▸ EXERCISE INPUTS:
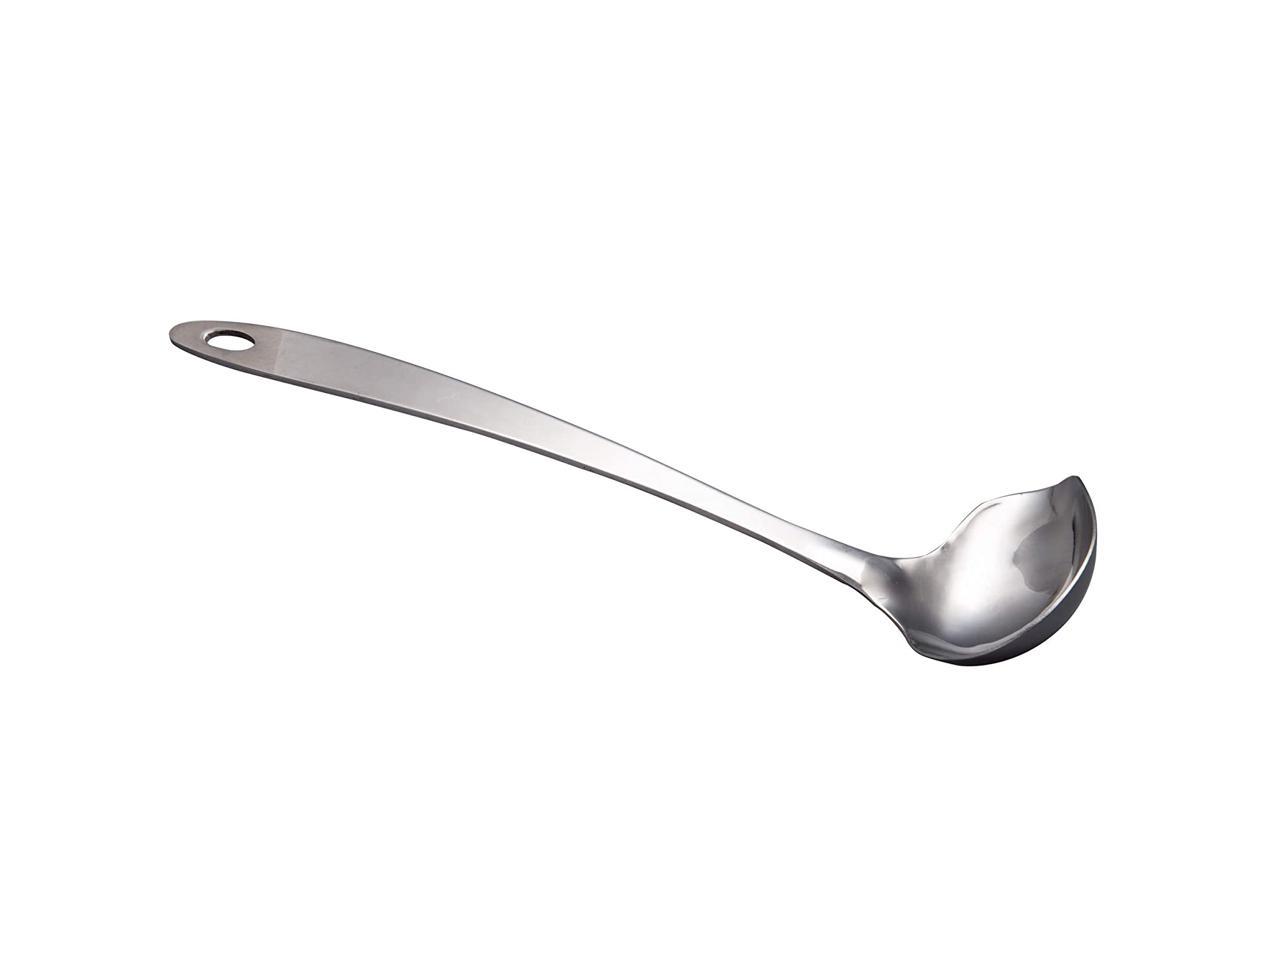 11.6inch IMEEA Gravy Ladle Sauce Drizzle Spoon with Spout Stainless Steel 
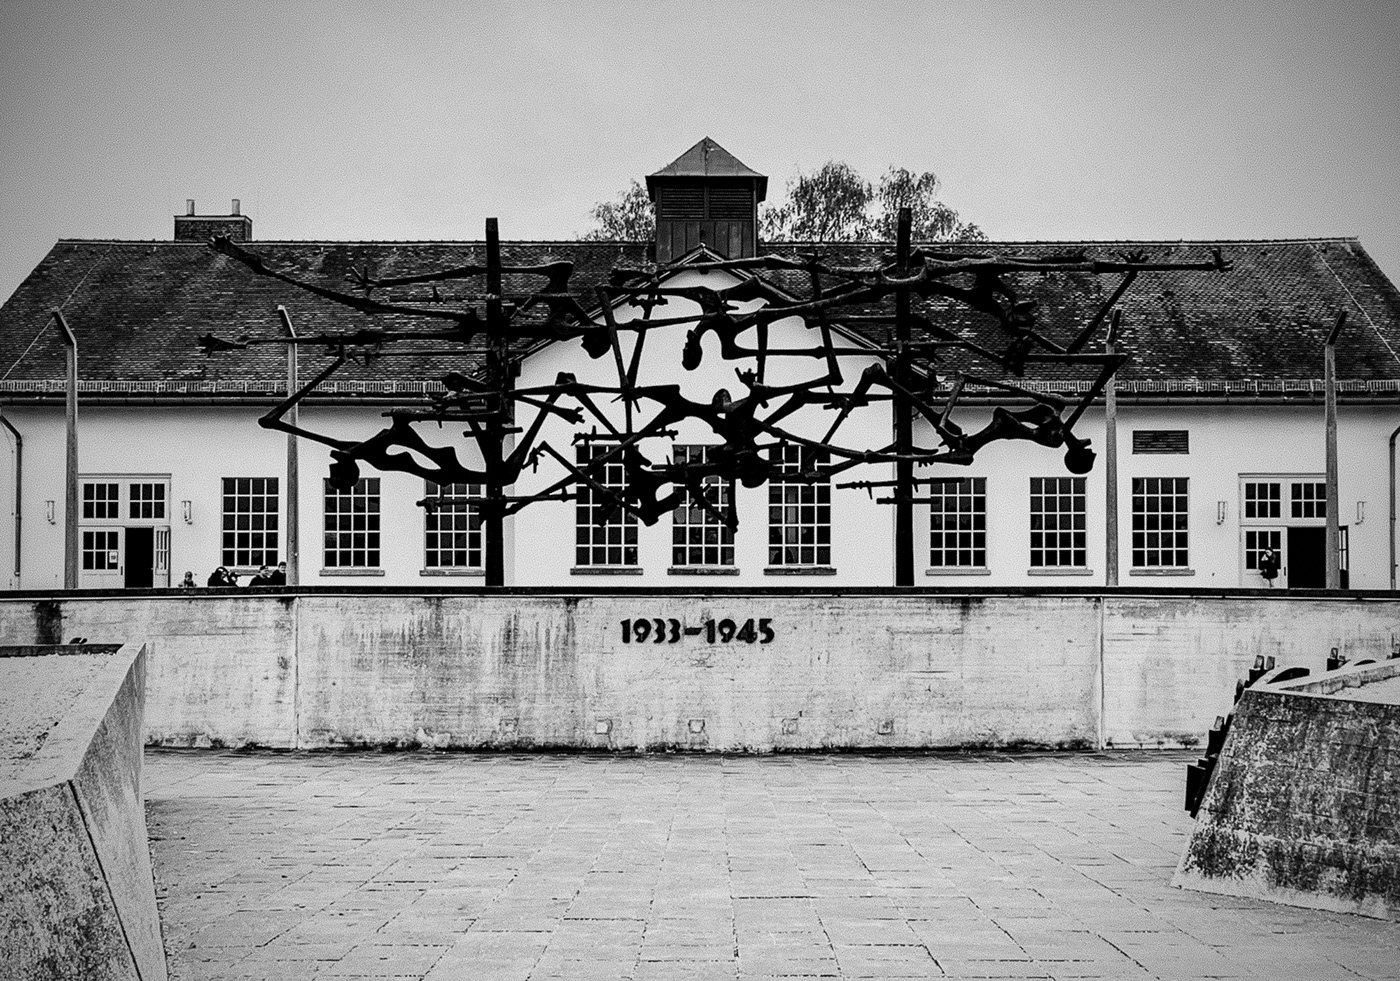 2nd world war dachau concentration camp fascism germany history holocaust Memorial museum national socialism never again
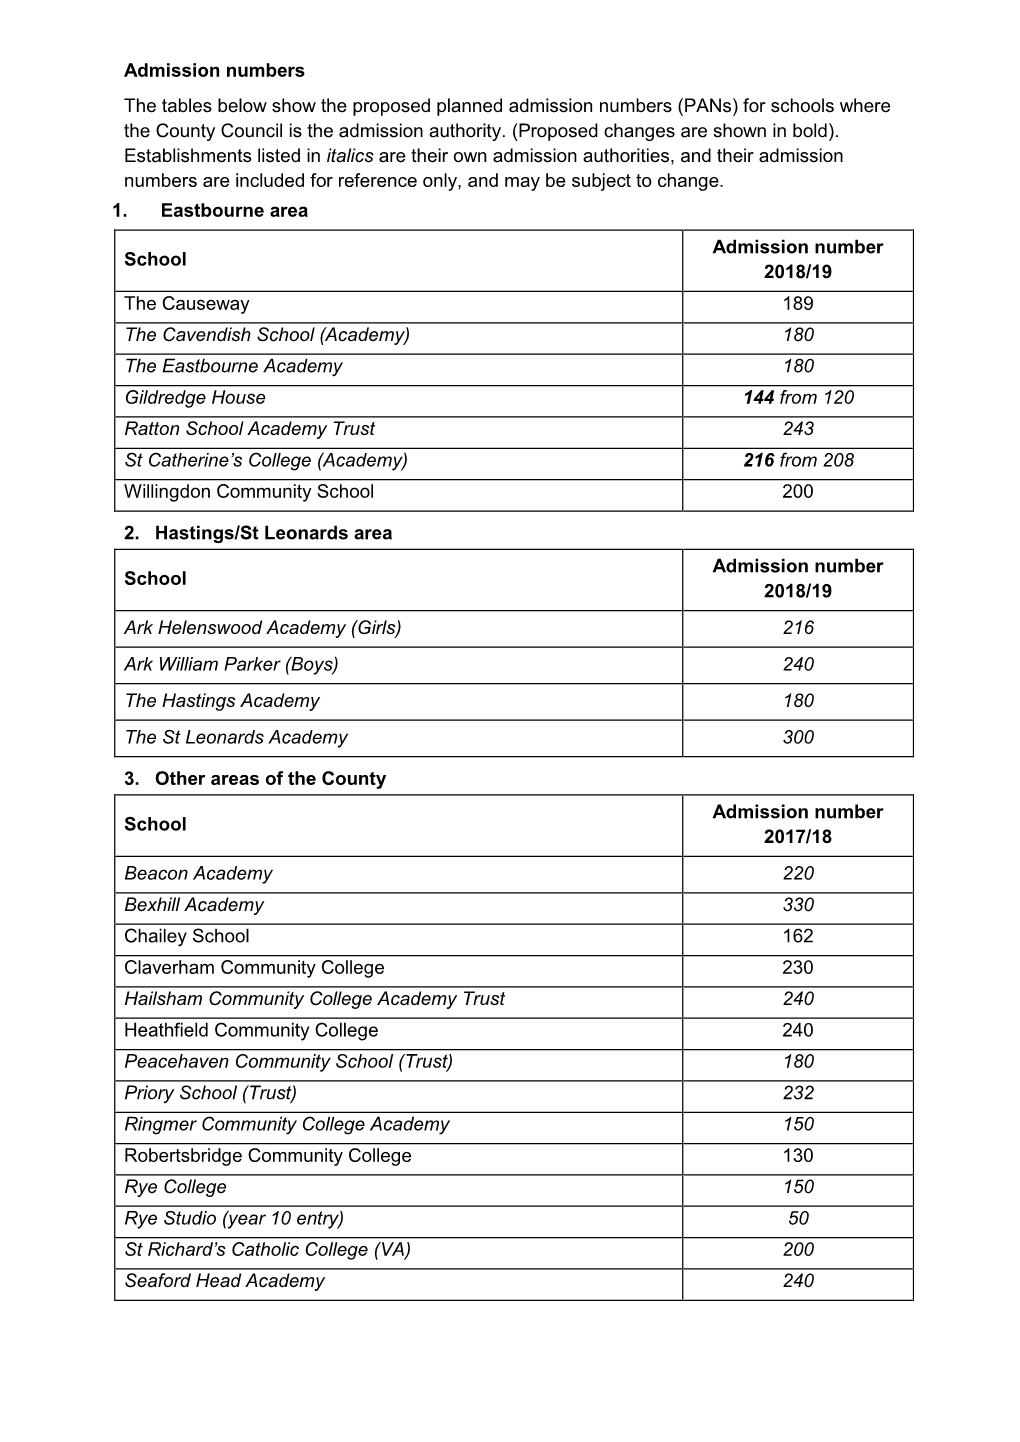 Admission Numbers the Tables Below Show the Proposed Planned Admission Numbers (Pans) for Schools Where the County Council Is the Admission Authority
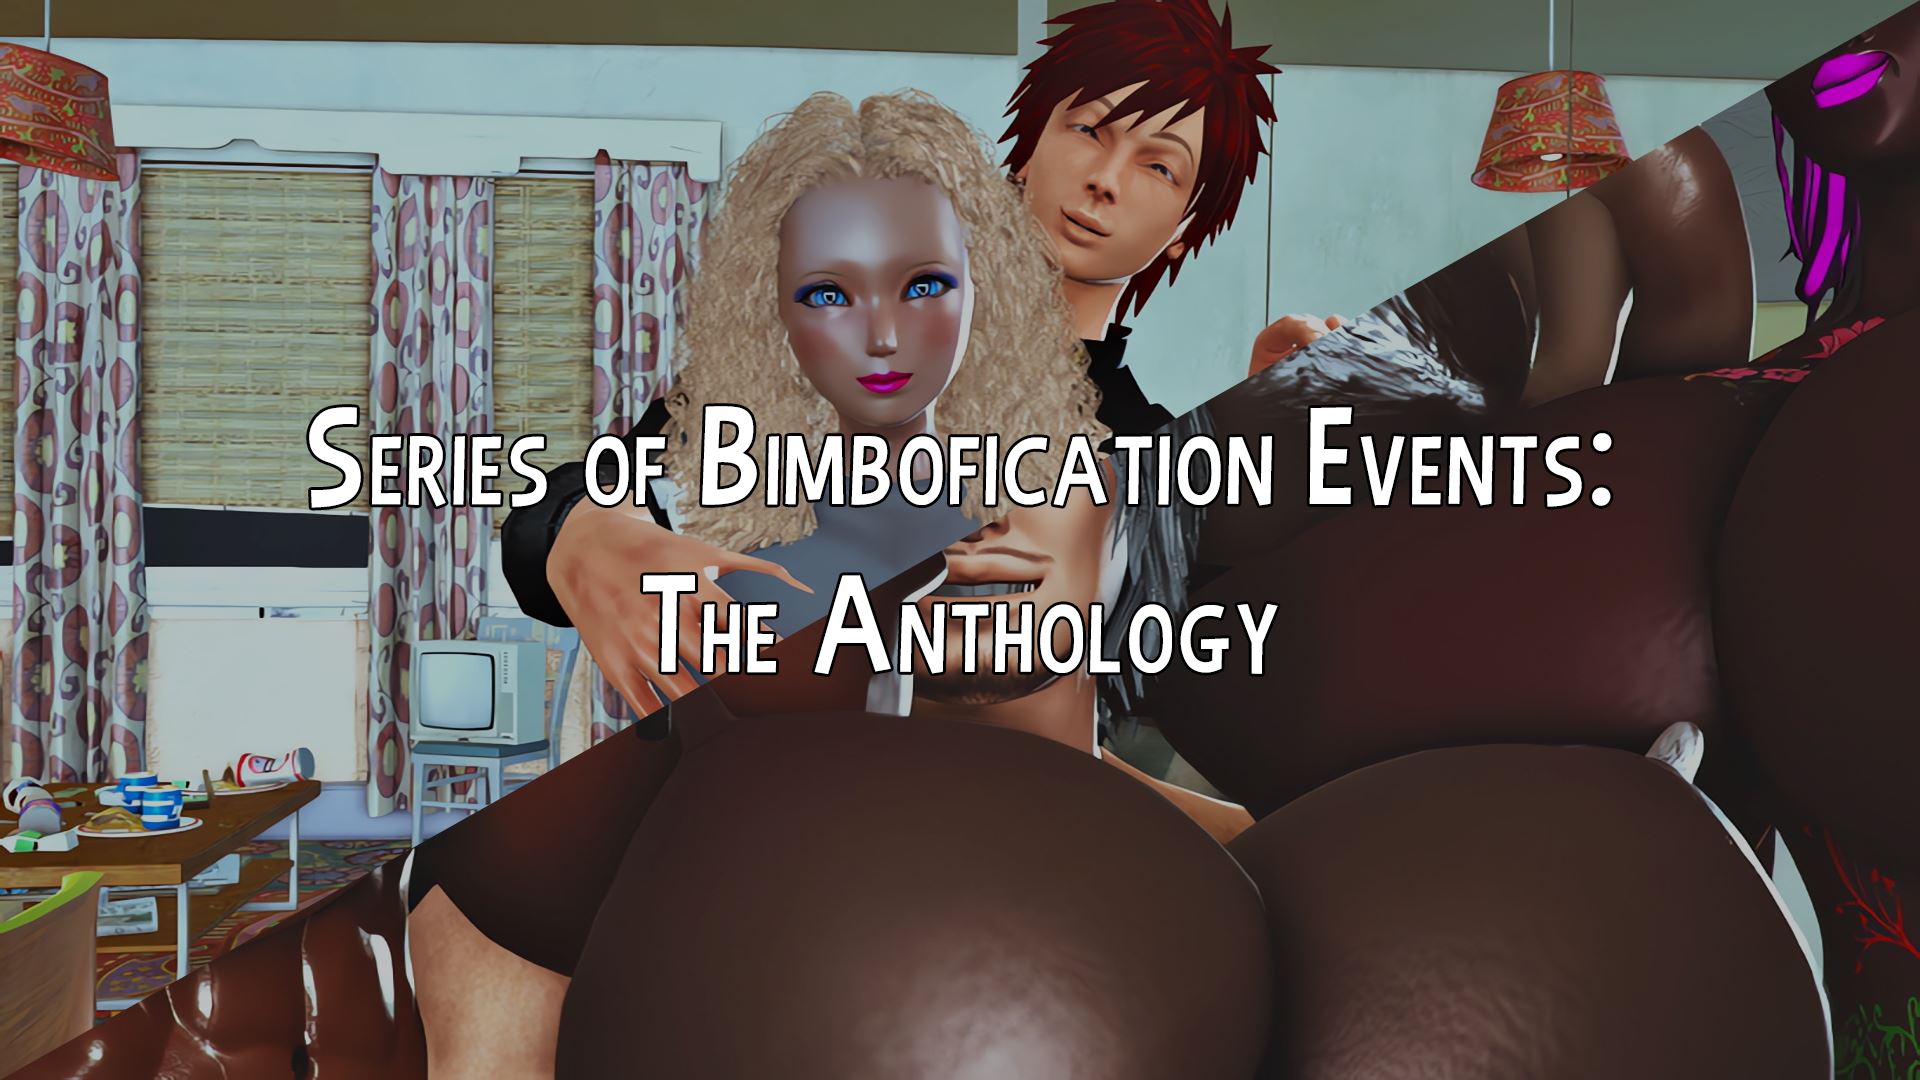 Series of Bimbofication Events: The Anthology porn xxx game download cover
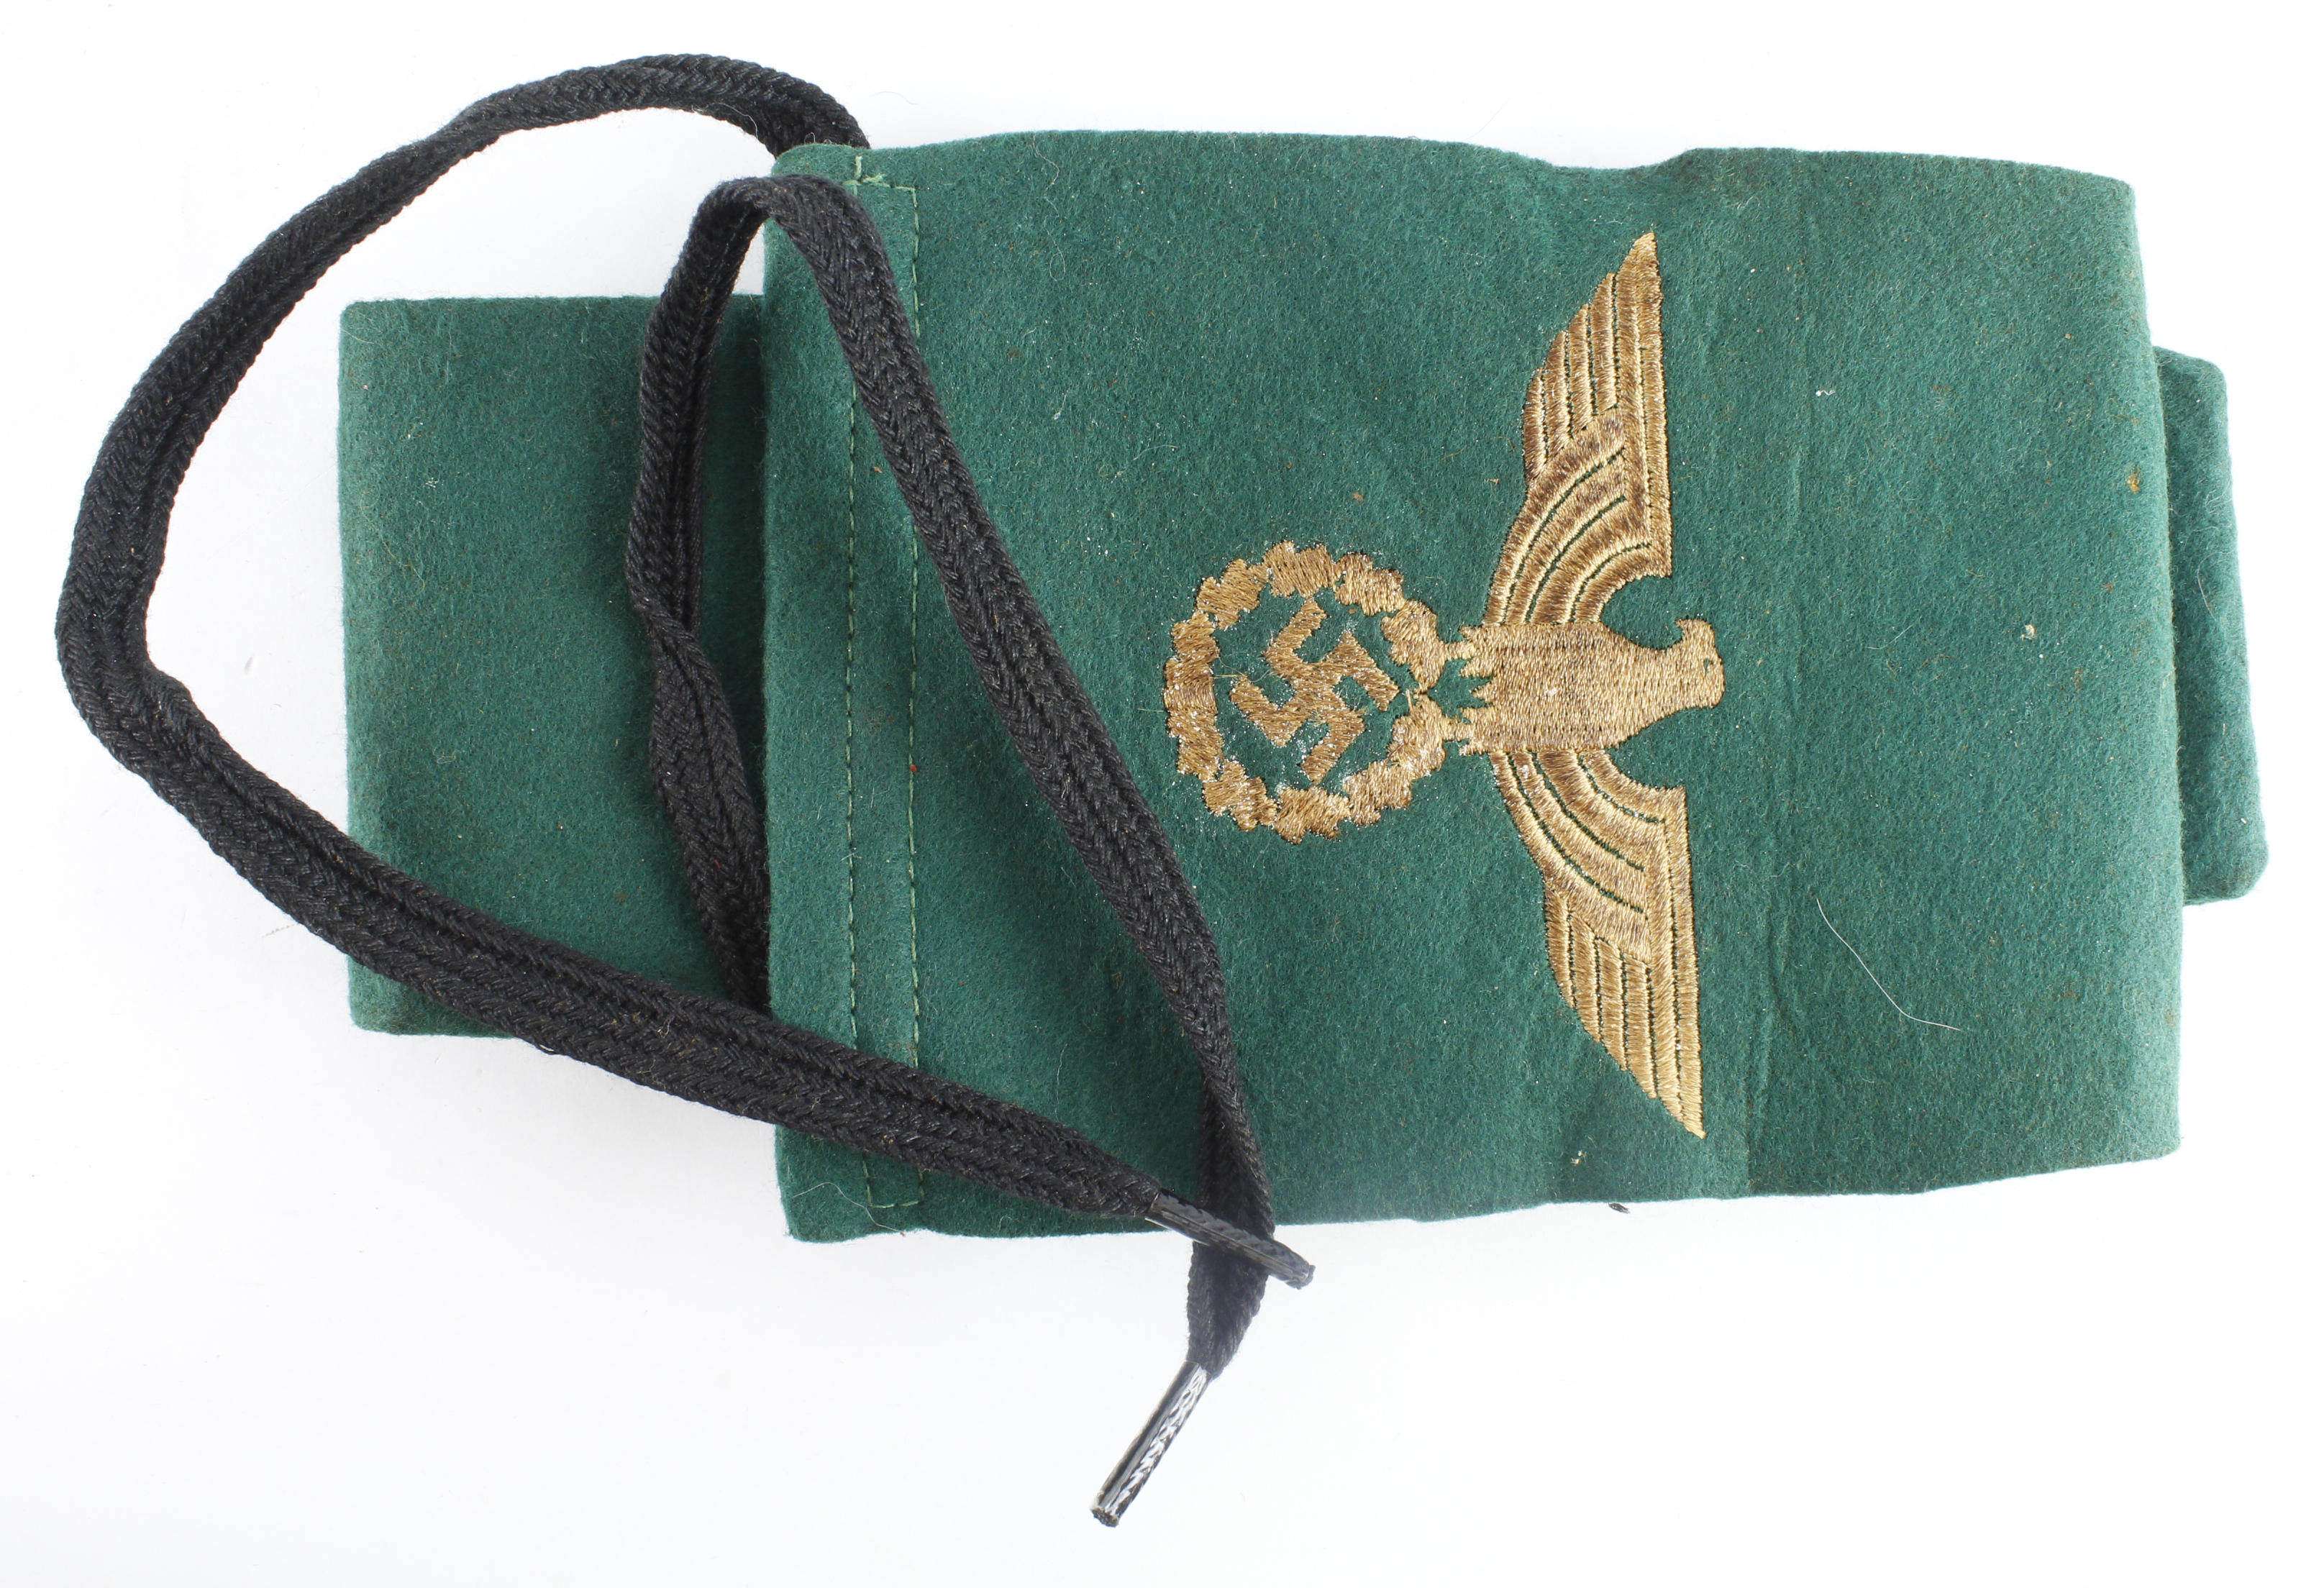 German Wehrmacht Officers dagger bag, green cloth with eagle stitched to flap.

▸ TASK BRIEF: Print all of the entries word for word. Skip any images they contain.

▸ RESULT BELOW:
 11.6inch IMEEA Gravy Ladle Sauce Drizzle Spoon with Spout Stainless Steel 
 2nd world war dachau concentration camp fascism germany history holocaust Memorial museum national socialism never again
 Admission Numbers the Tables Below Show the Proposed Planned Admission Numbers (Pans) for Schools Where the County Council Is the Admission Authority
 Series of Bimbofication Events: The Anthology porn xxx game download cover
 German Wehrmacht Officers dagger bag, green cloth with eagle stitched to flap.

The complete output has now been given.